- [What you need to do] From top to bottom, return the listing exactly as it appears, omitting its images.
Start of Data block
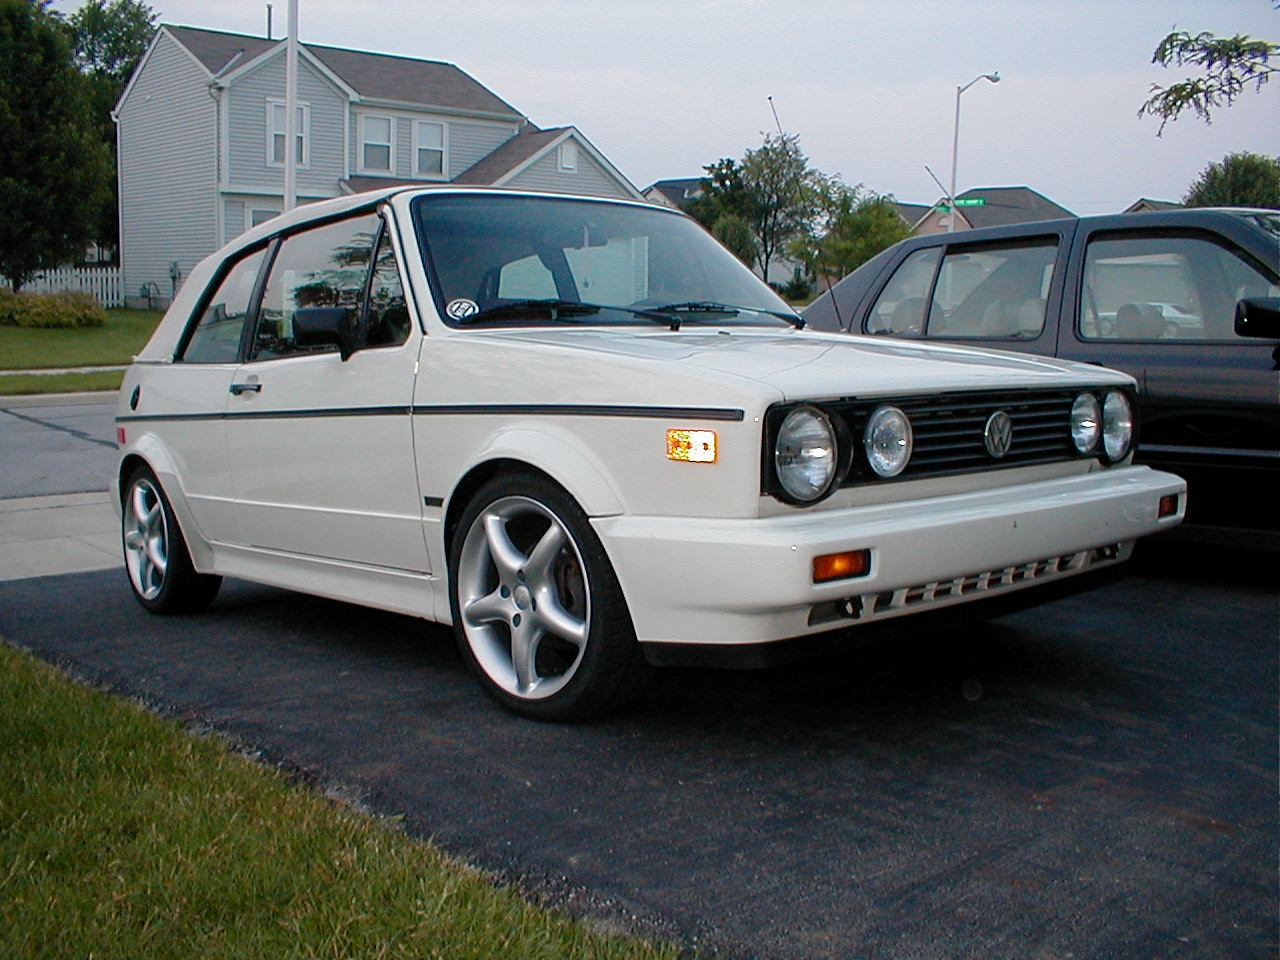 1990 Volkswagen Cabriolet Base Photo 2
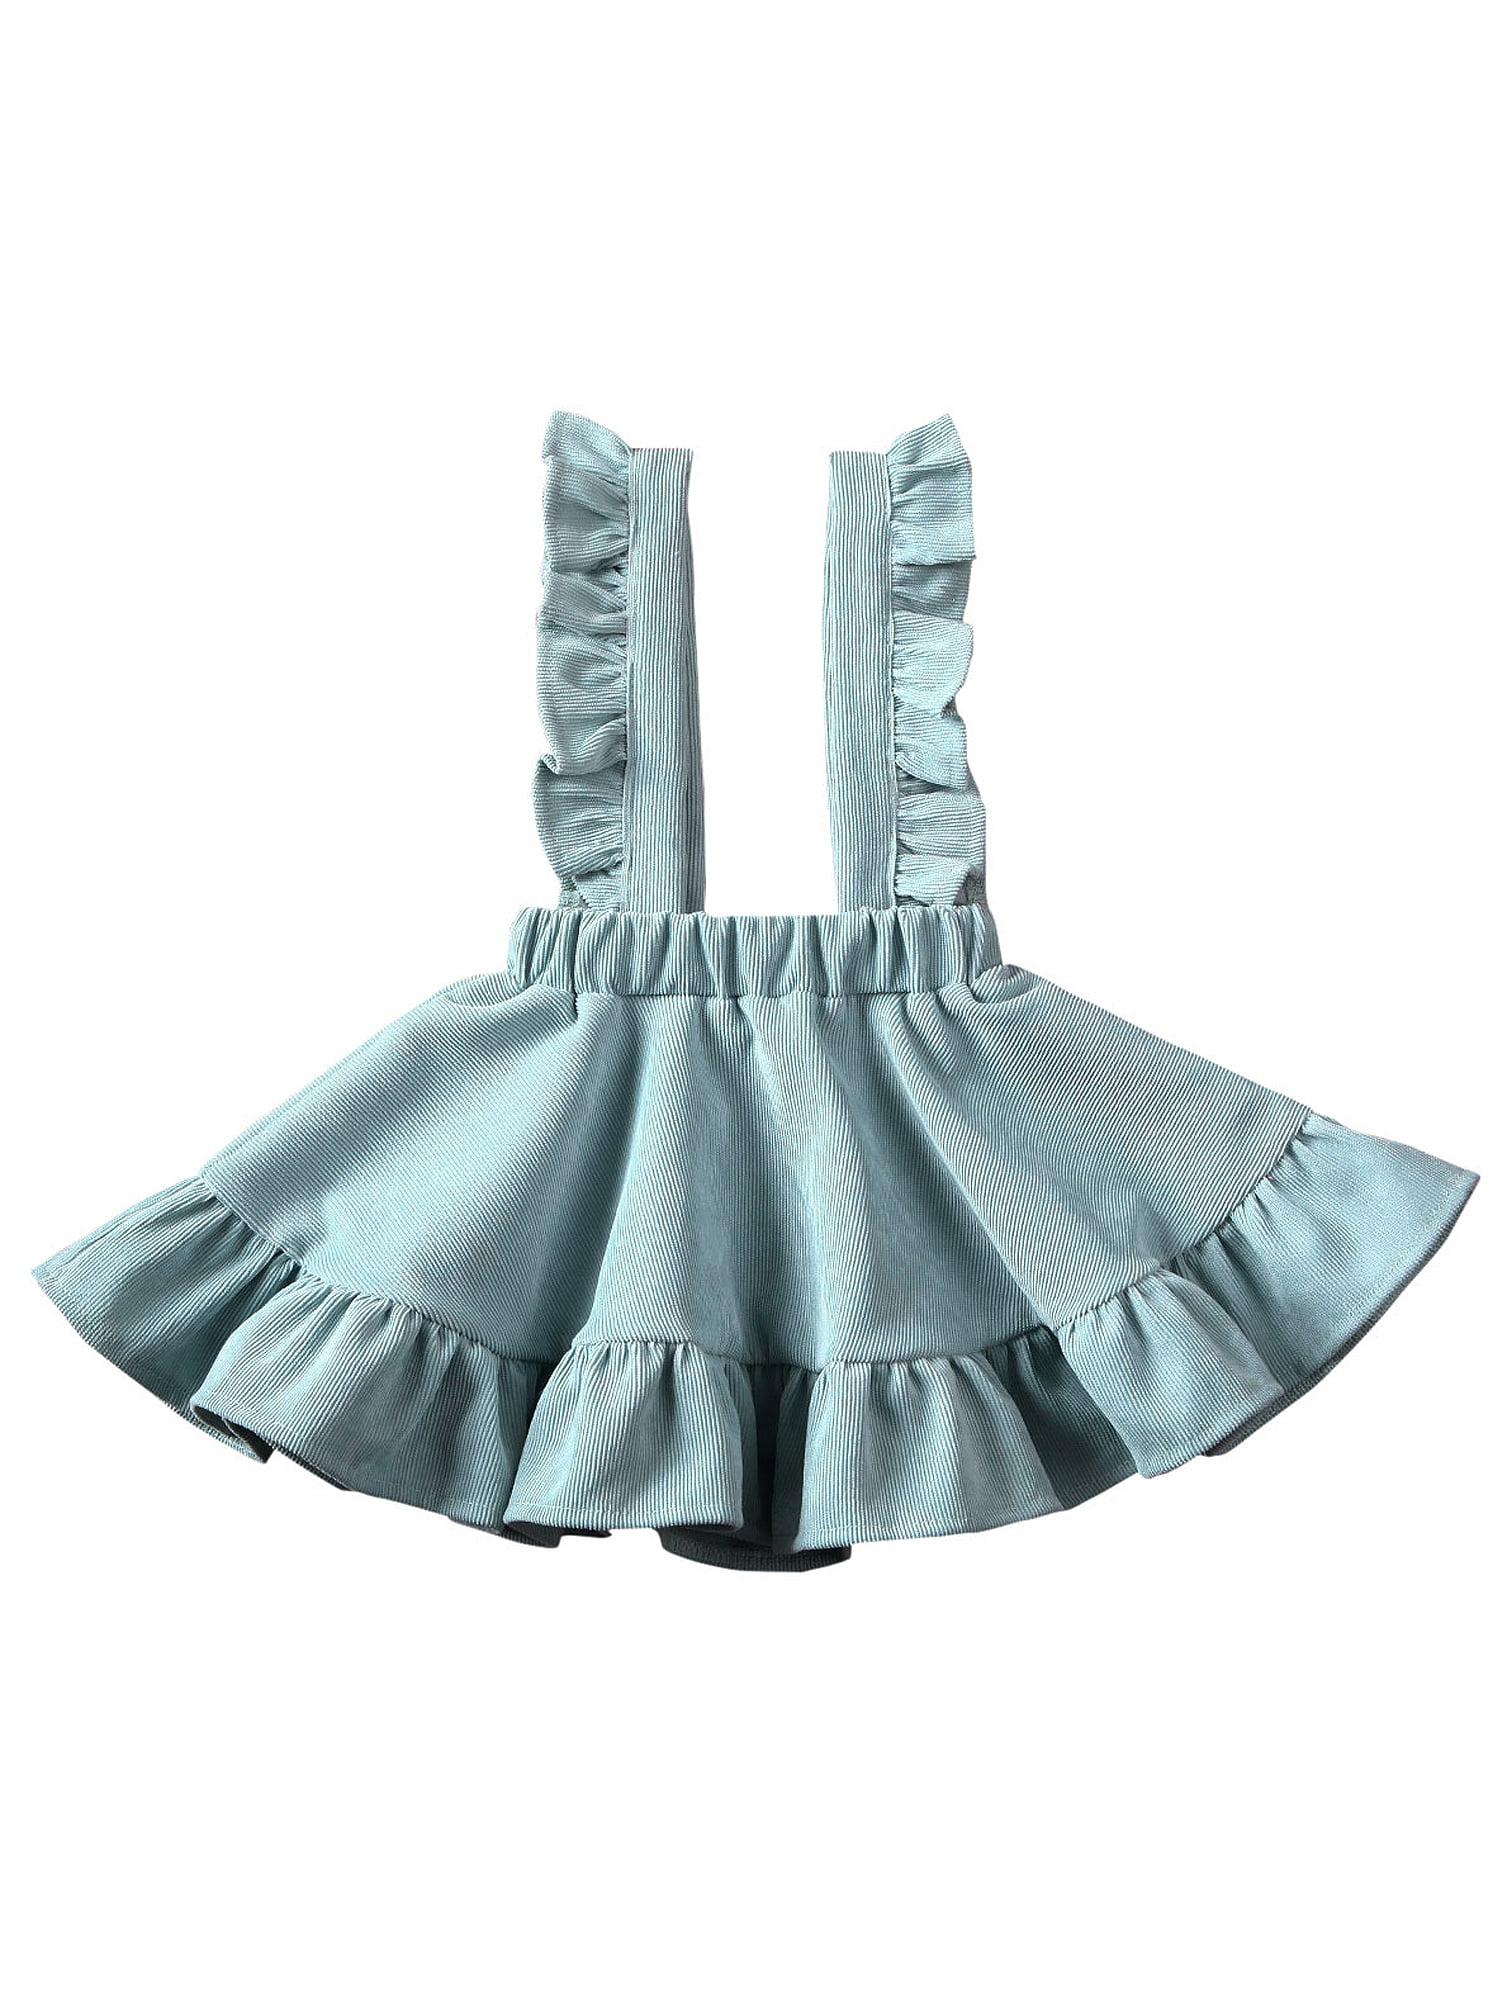 Suefunskry Suefunskry Baby Girls Dress Tops Kids Tutu Skirt Suspender Wedding Party Outfits Clothes Walmart Com Walmart Com
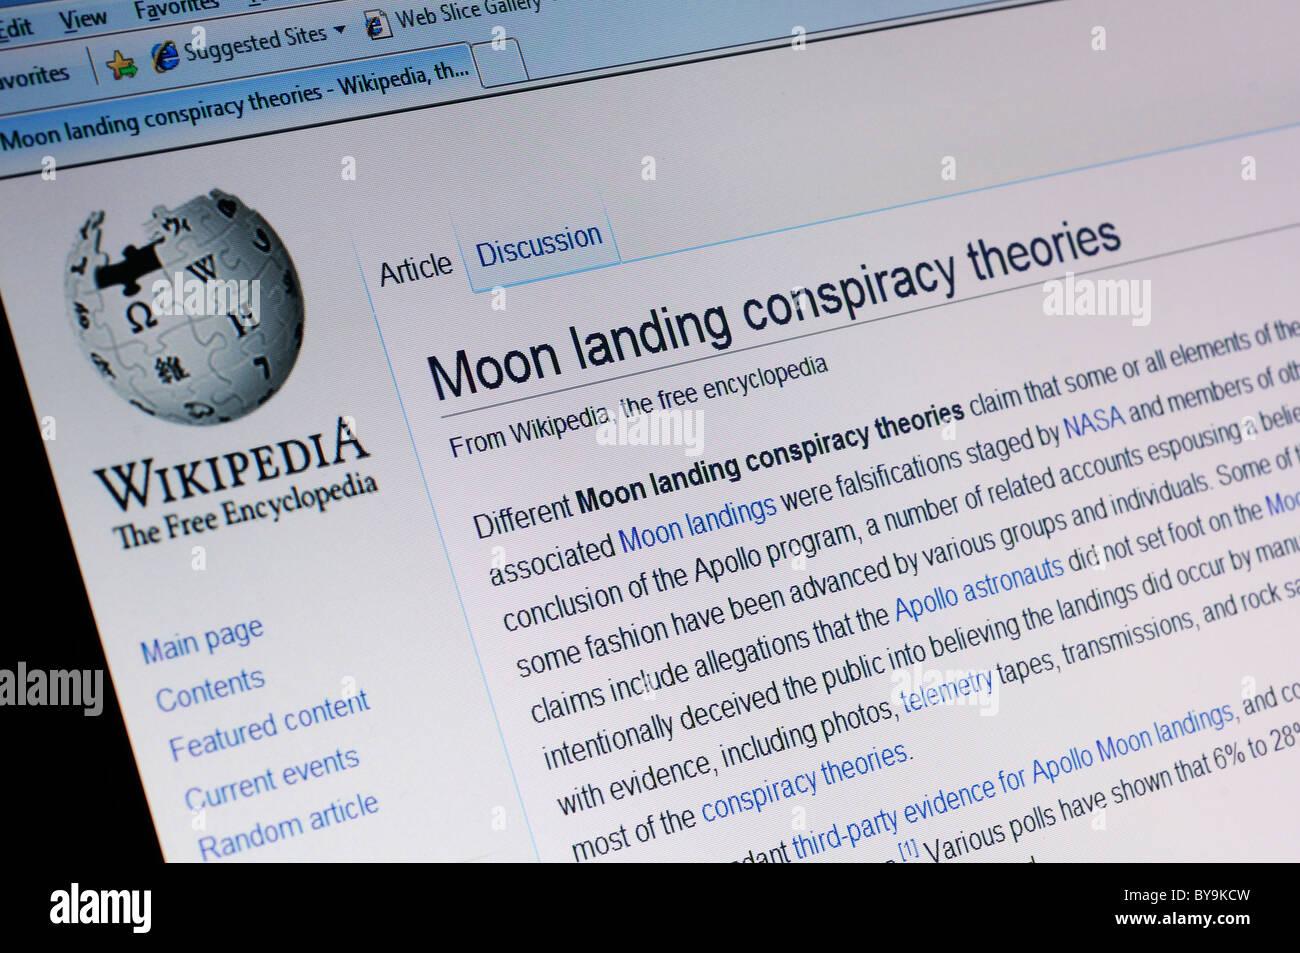 Moon landing conspiracy page on Wikipedia - Stock Image
End of Data block
- [Completed task]
 1990 Volkswagen Cabriolet Base Photo 2
 Suefunskry Suefunskry Baby Girls Dress Tops Kids Tutu Skirt Suspender Wedding Party Outfits Clothes Walmart Com Walmart Com
 Moon landing conspiracy page on Wikipedia - Stock Image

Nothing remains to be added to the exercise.